>>>

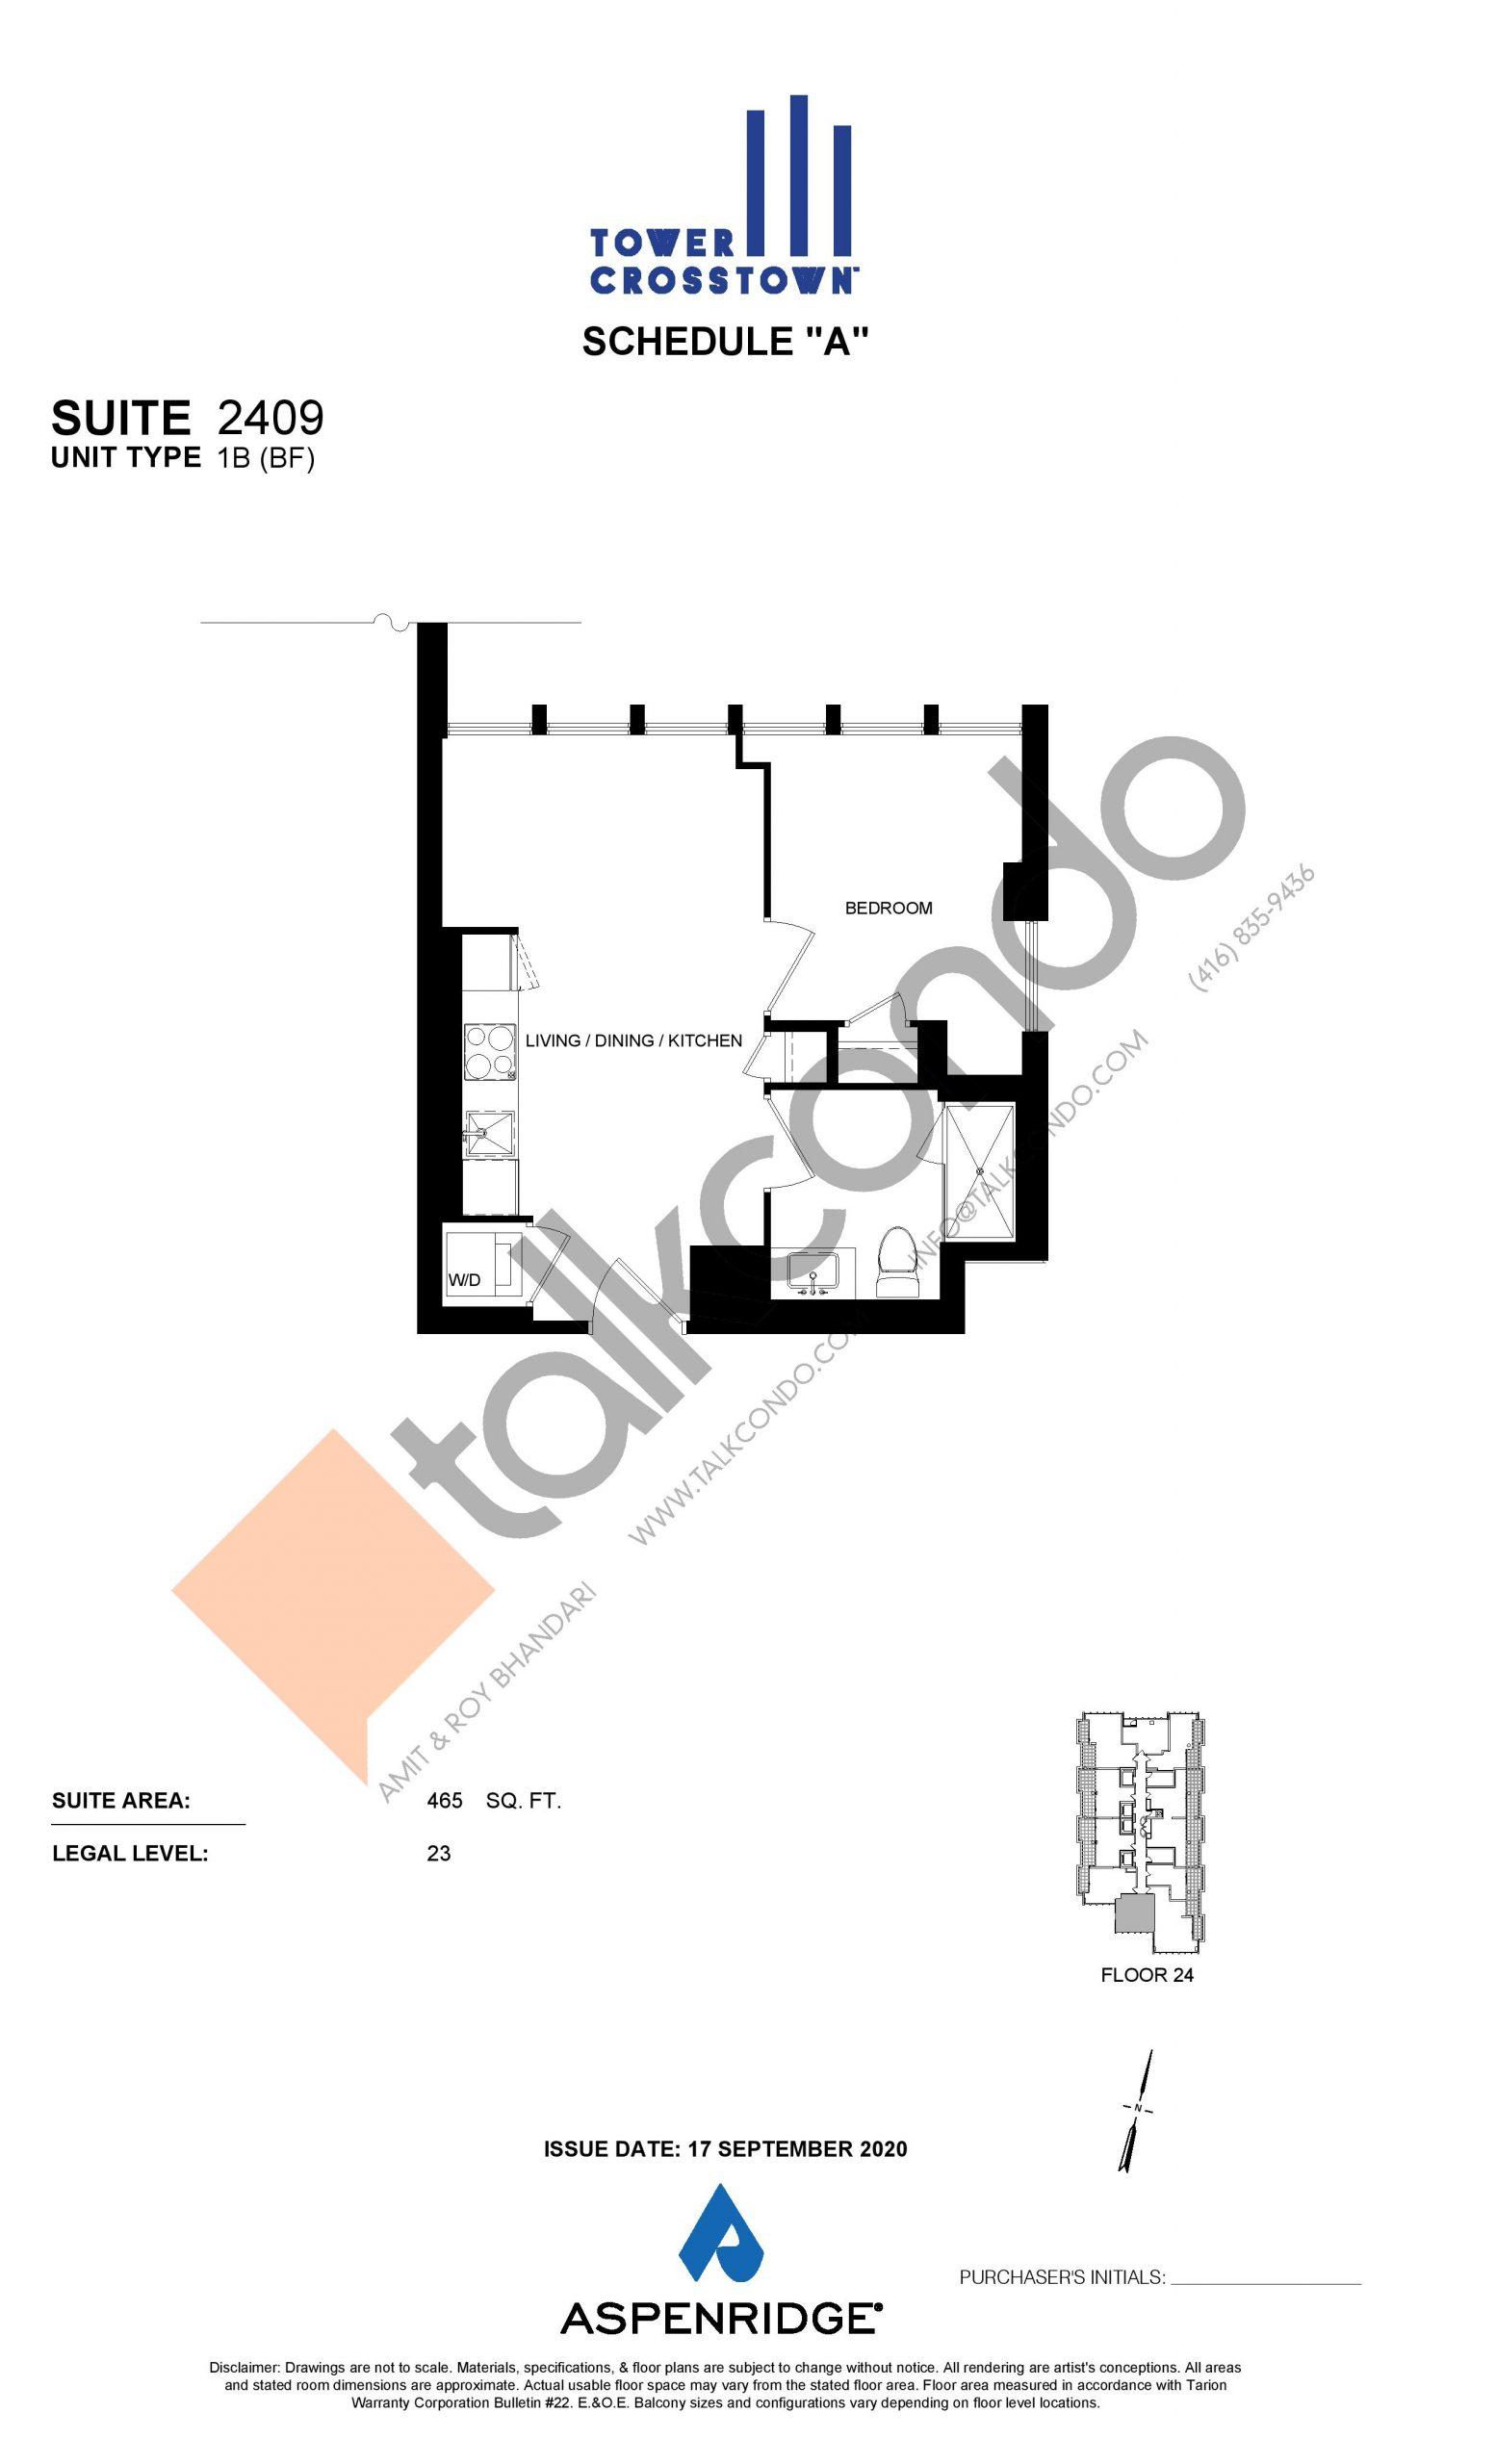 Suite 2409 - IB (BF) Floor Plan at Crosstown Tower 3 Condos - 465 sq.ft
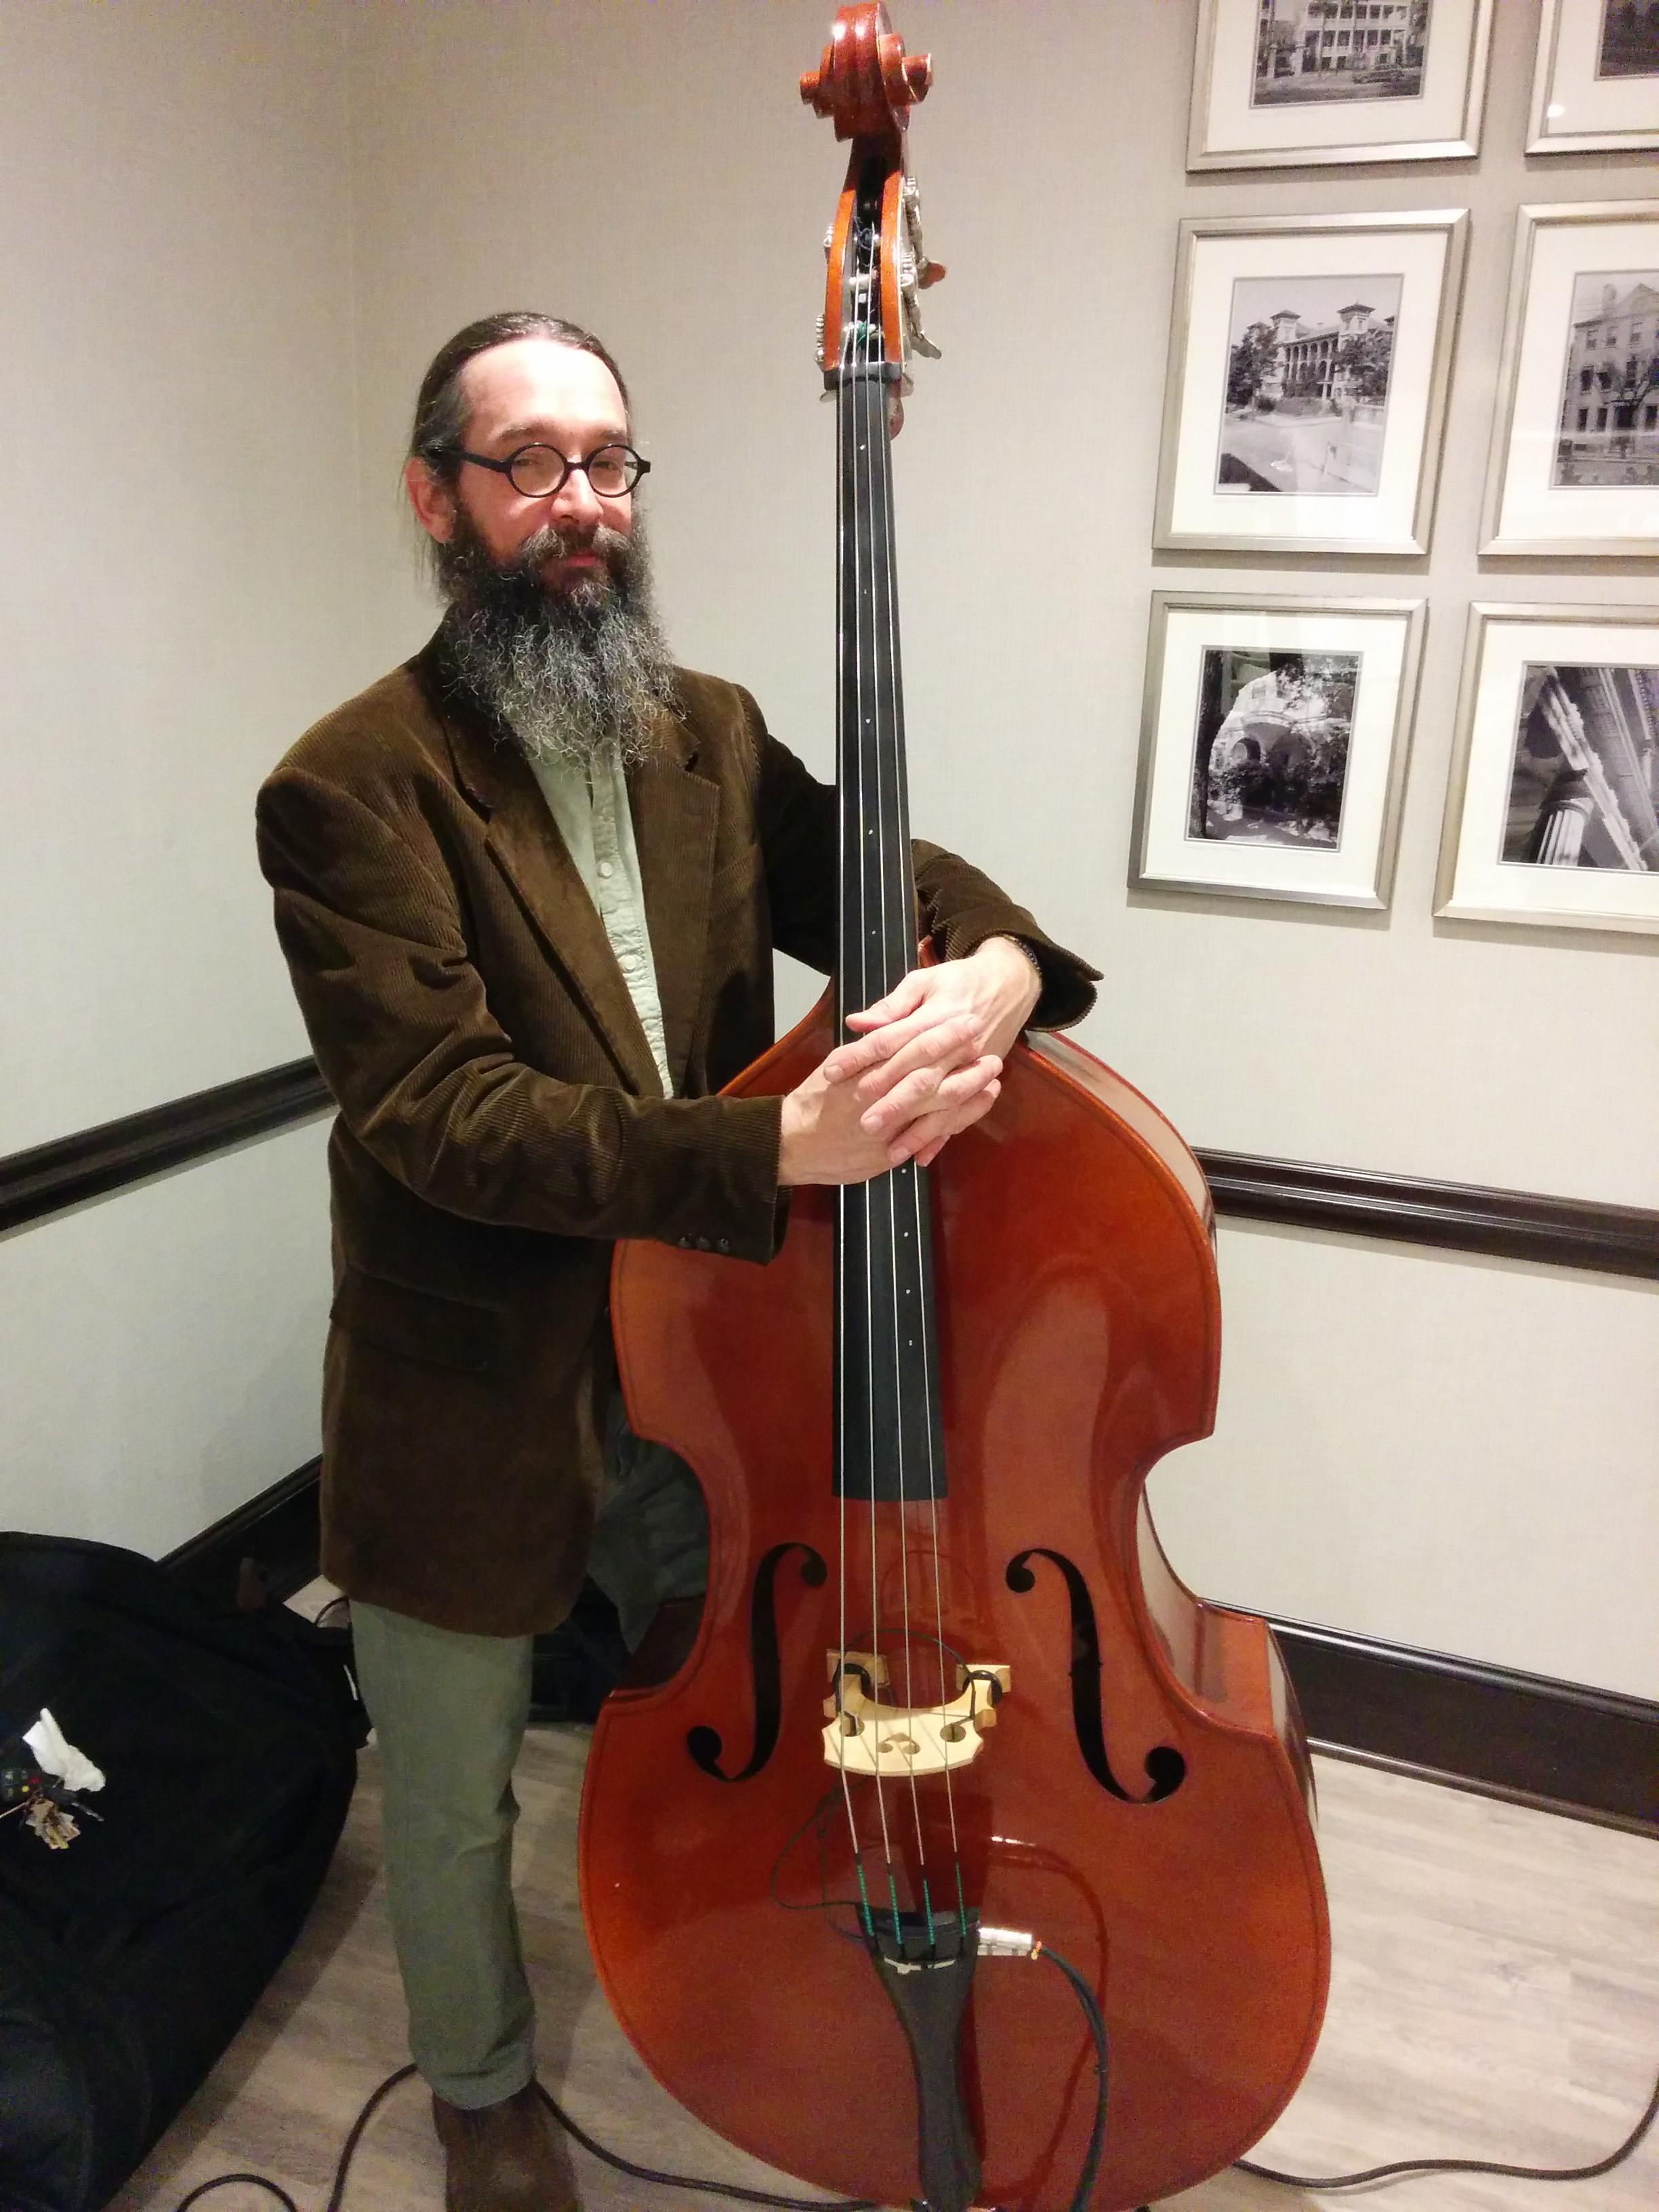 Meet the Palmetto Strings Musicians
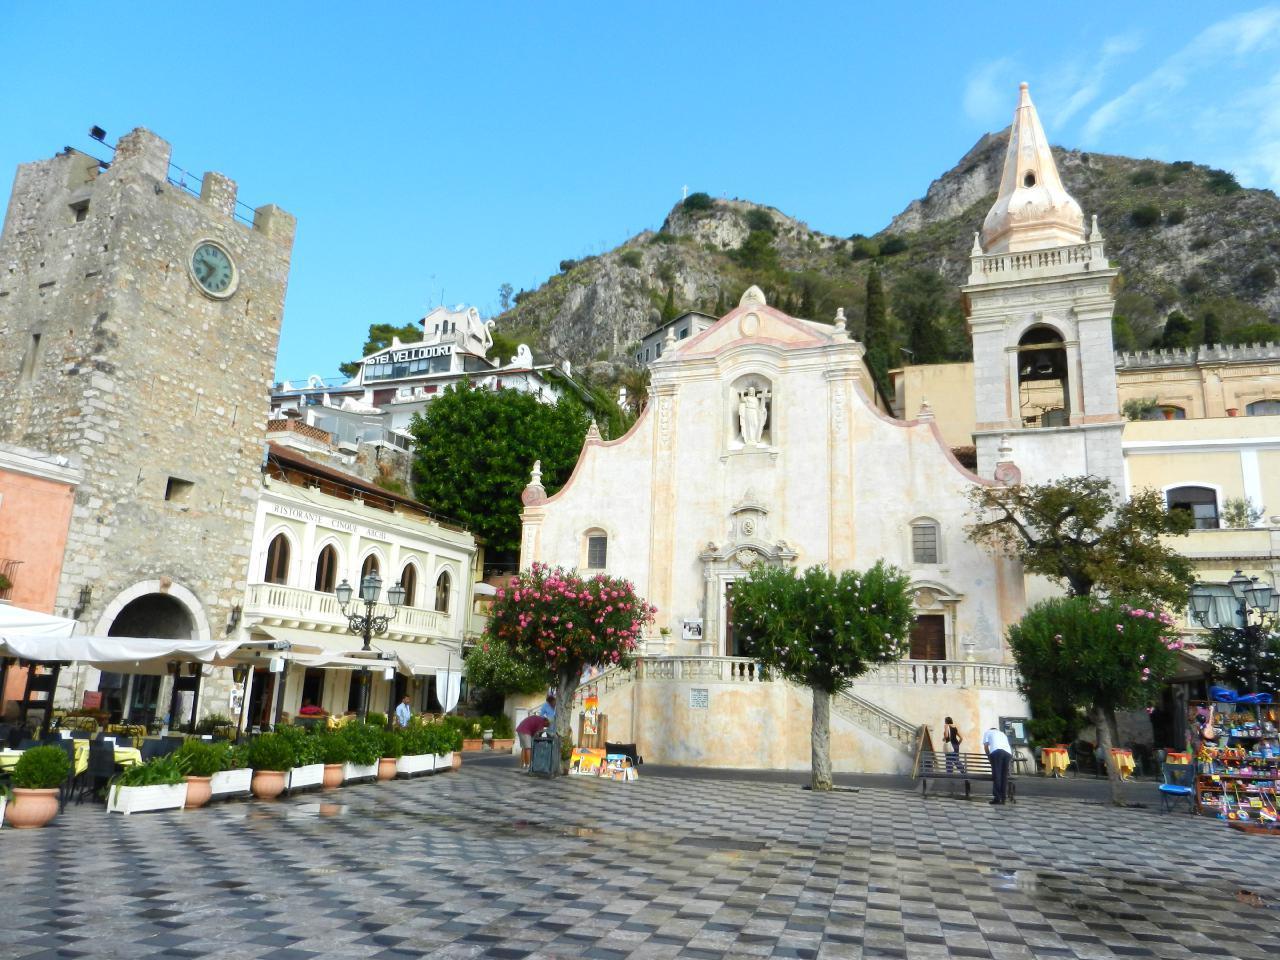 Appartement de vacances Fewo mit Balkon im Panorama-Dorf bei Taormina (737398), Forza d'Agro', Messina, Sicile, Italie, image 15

<<<

### [INSTRUCTIONS TO FOLLOW]
The job is to set down the whole listing exactly, excluding any images.

### [YOUR SOLUTION]
 Suite 2409 - IB (BF) Floor Plan at Crosstown Tower 3 Condos - 465 sq.ft
 Meet the Palmetto Strings Musicians
 Appartement de vacances Fewo mit Balkon im Panorama-Dorf bei Taormina (737398), Forza d'Agro', Messina, Sicile, Italie, image 15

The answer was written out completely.